L’introduction des langues vivantes en primaire
retardée
Le principe de réalité l’a emporté. L’introduction des langues vivantes
à l’école se fera à un rythme moins soutenu que celui annoncé par Jack Lang il
y a un an (Le Monde du 31 janvier 2001). Le dispositif d’apprentissage d’une
langue de la grande section de maternelle au CM2 sera finalisé en 2007 - au
lieu de 2003 -, selon le calendrier suivant : introduction en CE2 à la rentrée
2002, puis en grande section en 2005, en CP en 2006 et en CE1 en 2007.
Ce nouvel échéancier a été adjoint, à la demande des syndicats
d’enseignants et de l’une des fédérations de parents d’élèves, la FCPE, aux
nouveaux programmes de l’enseignement primaire, lors de leur examen ultime
devant le Conseil supérieur de l’éducation, jeudi 10 janvier.

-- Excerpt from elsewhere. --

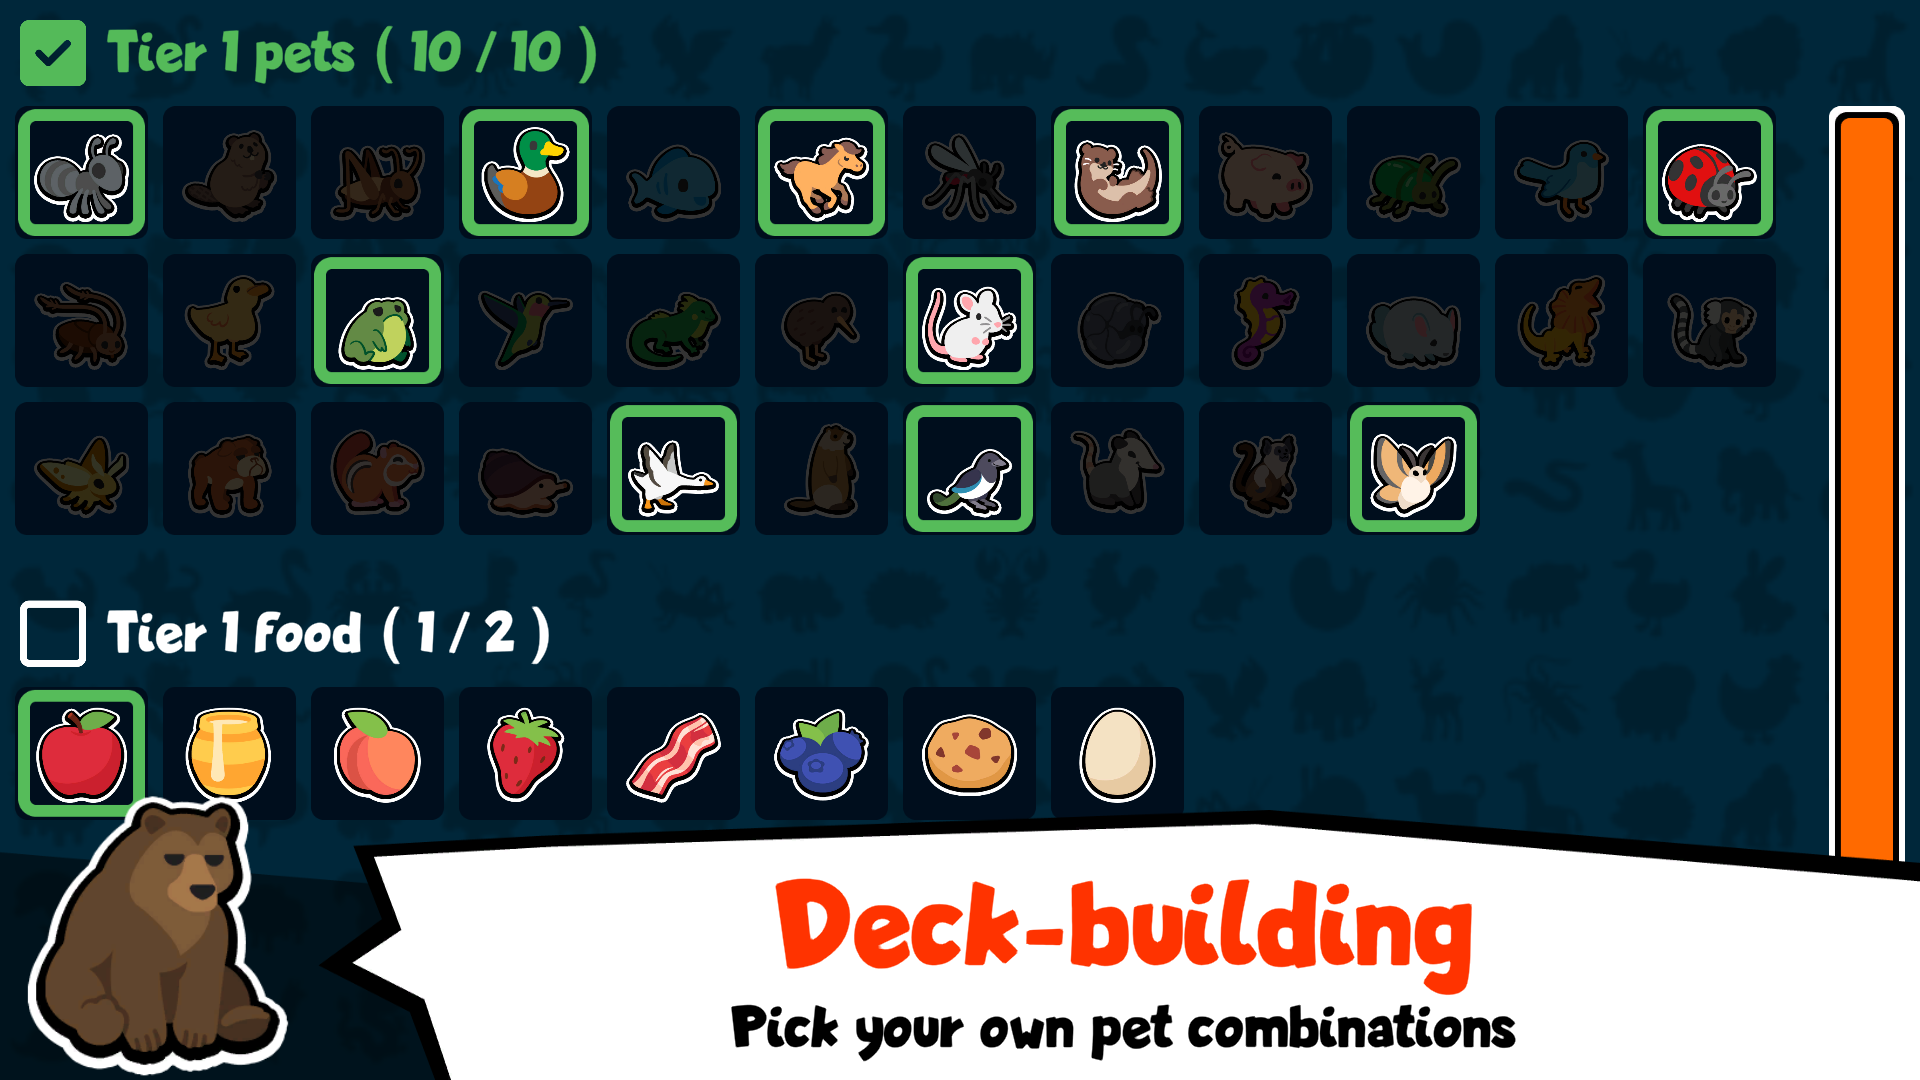 Deck-building - Pick your own pet combinations

Tout en
soulignant la qualité de ces textes, parents et enseignants restent dubitatifs
sur leur faisabilité, malgré les corrections apportées notamment à l’issue de la
consultation des instituteurs, en début d’année scolaire (Le Monde du 3 octobre
2001).
Les aménagements ont porté essentiellement sur le programme des CE2,
CM1 et CM2 (cycle 3). La mise en œuvre de l’apprentissage
“ transversal ” de la langue française, qui déroutait certains, a été
précisée : deux heures seront réservées au minimum chaque jour à “ des
activités de lecture et d’écriture ”, tous domaines confondus (maths,
français, histoire...). De même, un quota horaire a été finalement introduit en
grammaire, conjugaison, orthographe et vocabulaire (1 heure et demie à 2 heures
par semaine). Des ajouts ont été faits en mathématiques (la notion de km2 a par
exemple été rétablie). Surtout, les ambitions en langues vivantes ont été
réduites : 1 heure et demie à 2 heures hebdomadaires y seront consacrées.
Néanmoins, l’ambition d’introduire rapidement un enseignement des
langues dans toutes les classes est apparue comme démesurée aux parents et aux
enseignants, alors qu’aucune évaluation qualitative et quantitative n’a été
effectuée pour les deux niveaux déjà concernés, le CM1 et le CM2. Le ministère
l’annonce pour la mi-mars. De même, il s’est engagé à diffuser avant l’été les
documents d’accompagnement de la réforme et à mettre sur pied un comité de
suivi des programmes.
Pour marquer leur désapprobation d’un dispositif de mise en oeuvre
qu’ils jugent défaillant, les syndicats SNUipp, SE-UNSA et SGEN-CFDT se sont
abstenus lors du vote du texte. FO a voté contre. Les parents d’élèves, PEEP et
FCPE, ont voté pour. Ce scepticisme concernant l’exécution apparaît clairement
dans la consultation des enseignants : “ Les équipes se montrent
favorables aux projets, mais craignent d’être démunies pour leur mise en
oeuvre ”, indique la synthèse nationale. Pour certains, “ le temps
semble manquer pour faire tout ce qui est demandé ”. Dans l’entourage du ministre, on estime que
les collectivités locales, et particulièrement les communes, devront faire un
effort financier pour que les écoles puissent notamment acheter les dix
ouvrages dont la lecture est recommandée, chaque année, dès le CE2. Les
programmes, qui s’appliqueront en
petite section, CP et CE2 à la rentrée 2002, seront publiés dans leur intégralité par les éditions Fixot, en deux
volumes (maternelle et élémentaire) annoncés en librairie pour le 14 février.
Simultanément, un exemplaire sera adressé à chaque enseignant du premier degré,
conformément à un souhait formulé lors de la consultation.